I've been studying a bit of probability theory lately and noticed that there seems to be a universal agreement that random variables should be defined as Borel measurable functions on the probability space rather than Lebesgue measurable functions. This is so in every textbook on probability theory which I consulted. In general, it seems to me that probability theory favors the Borel algebra more than the algebra of Lebesgue measurable sets. My question is: why?
In every course in measure theory, one is taught of the notion of a complete measure and completion of measures and I got the impression that a complete measure space is somewhat superior to a non-complete one (or at least that completeness makes life a bit easier on the technical level), so this preference of Borel sets puzzles me.
Best Answer
One should be careful with the definitions here. Notation: Given measurable spaces $(X, \mathcal{B}_X), (Y, \mathcal{B}_Y)$, a measurable map $f : X \to Y$ is one such that $f^{-1}(A) \in \mathcal{B}_X$ for $A \in \mathcal{B}_Y$. To be explicit, I'll say $f$ is $(\mathcal{B}_X, \mathcal{B}_Y)$-measurable.

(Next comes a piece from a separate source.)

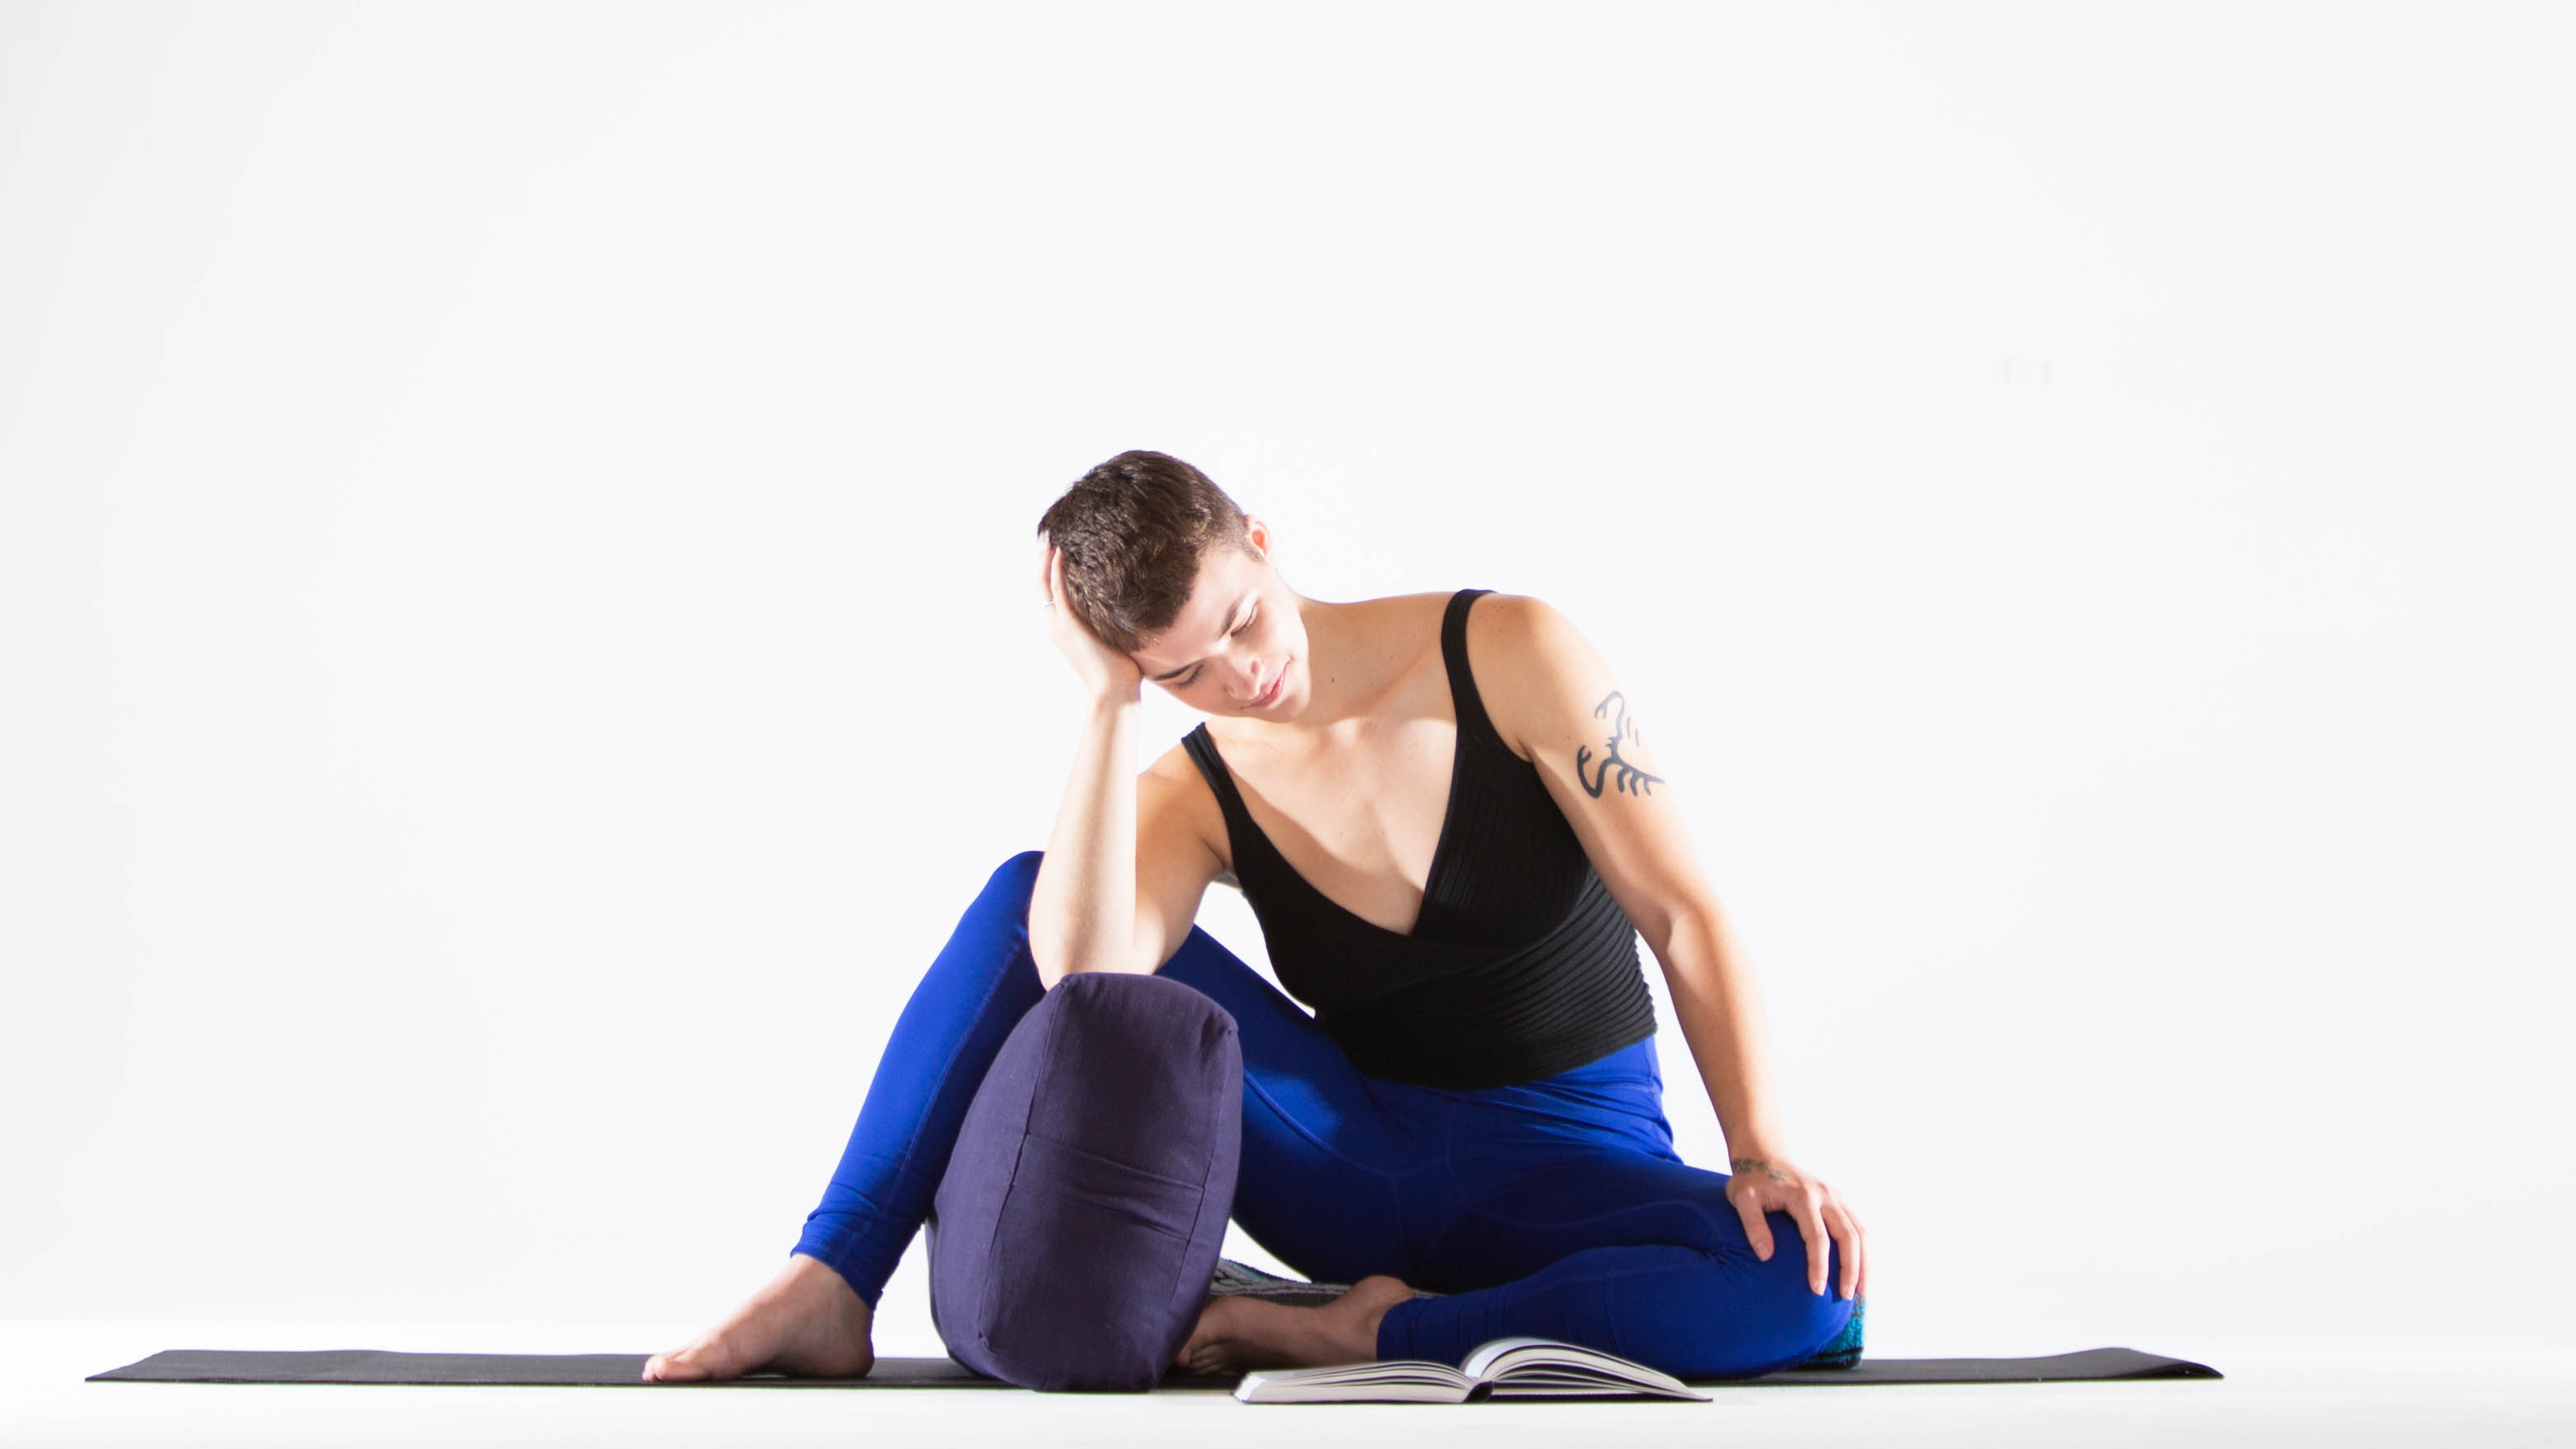 One Simple Setup: A Restorative Yoga Sequence Without Tons of Props

Let $\mathcal{B}$ be the Borel $\sigma$-algebra on $\mathbb{R}$, so the Lebesgue $\sigma$-algebra $\mathcal{L}$ is its completion with respect to Lebesgue measure $m$. Then for functions $f : \mathbb{R} \to \mathbb{R}$, "Borel measurable" means $(\mathcal{B}, \mathcal{B})$-measurable. "Lebesgue measurable" means $(\mathcal{L},\mathcal{B})$ measurable; note the asymmetry! Already this notion has some defects; for instance, if $f,g$ are Lebesgue measurable, $f \circ g$ need not be, even if $g$ is continuous. (See Exercise 2.9 in Folland's Real Analysis.)

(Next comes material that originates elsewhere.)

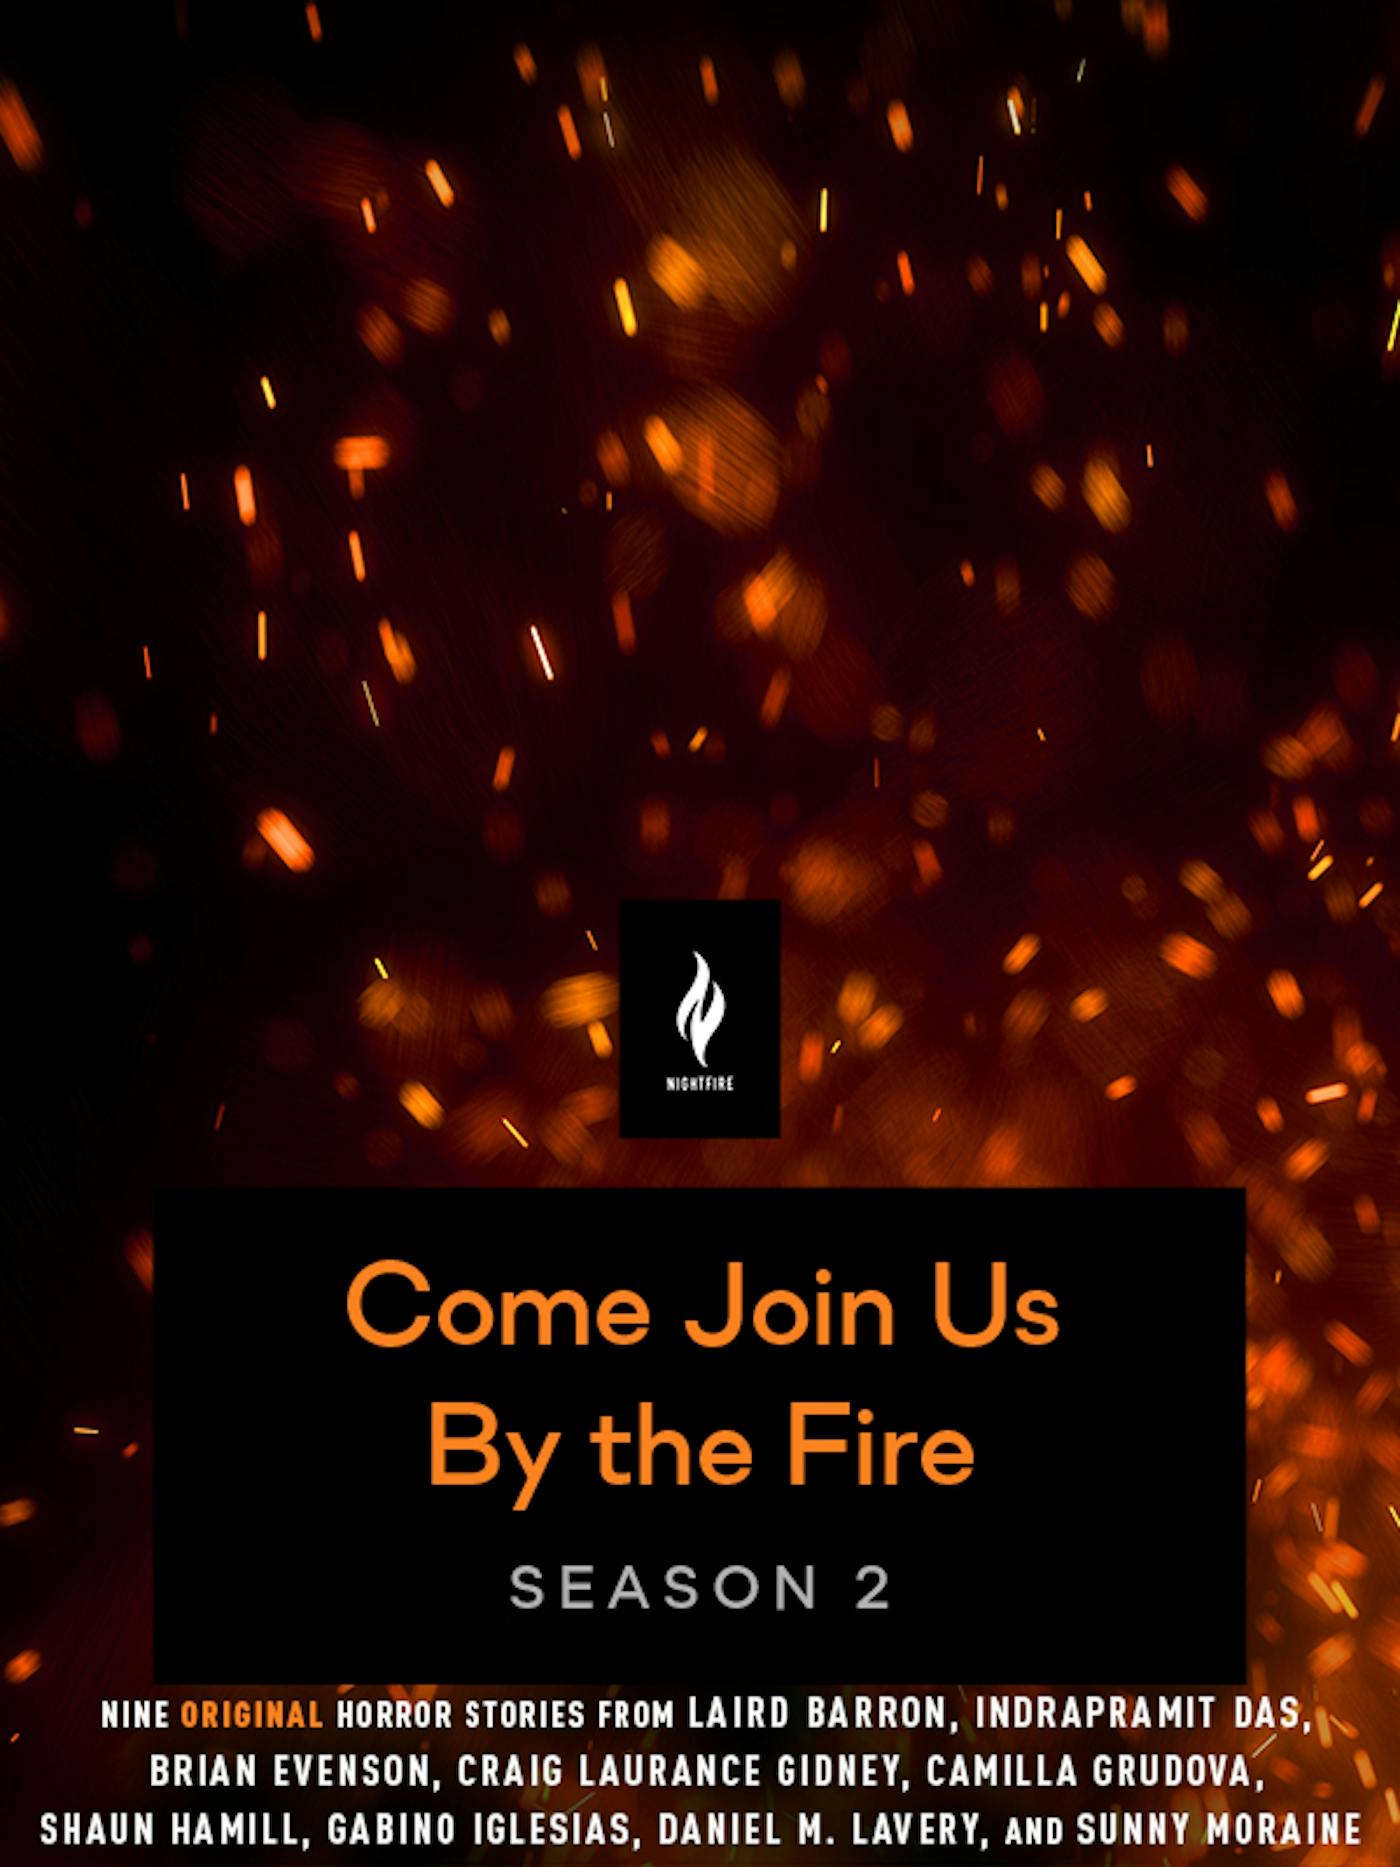 Cover for the book titled as: Come Join Us By the Fire Season 2

$(\mathcal{L}, \mathcal{L})$-measurable functions are not so useful; for instance, a continuous function need not be $(\mathcal{L}, \mathcal{L})$-measurable. (The $g$ from the aforementioned exercise is an example.) $(\mathcal{B}, \mathcal{L})$ is even worse.
Given a probability space $(\Omega, \mathcal{F},P)$, our random variables are $(\mathcal{F}, \mathcal{B})$-measurable functions $X : \Omega \to \mathbb{R}$. The Lebesgue $\sigma$-algebra $\mathcal{L}$ does not appear. As mentioned, it would not be useful to consider $(\mathcal{F}, \mathcal{L})$-measurable functions; there simply may not be enough good ones, and they may not be preserved by composition with continuous functions. Anyway, the right analogue of "Lebesgue measurable" would be to use the completion of $\mathcal{F}$ with respect to $P$, and this is commonly done. Indeed, many theorems assume a priori that $\mathcal{F}$ is complete.
Note that, for similar reasons as above, we should expect $f(X)$ to be another random variable when $f$ is Borel measurable, but not when $f$ is Lebesgue measurable. Using $(\mathcal{F}, \mathcal{L})$ in our definition of "random variable" would not avoid this, either.
The moral is this: To get as many $(\mathcal{B}_X, \mathcal{B}_Y)$-measurable functions $f : X \to Y$ as possible, one wants $\mathcal{B}_X$ to be as large as possible, so it makes sense to use a complete $\sigma$-algebra there. (You already know some of the nice properties of this, e.g. an a.e. limit of measurable functions is measurable.) But one wants $\mathcal{B}_Y$ to be as small as possible. When $Y$ is a topological space, we usually want to be able to compose $f$ with continuous functions $g : Y \to Y$, so $\mathcal{B}_Y$ had better contain the open sets (and hence the Borel $\sigma$-algebra), but we should stop there.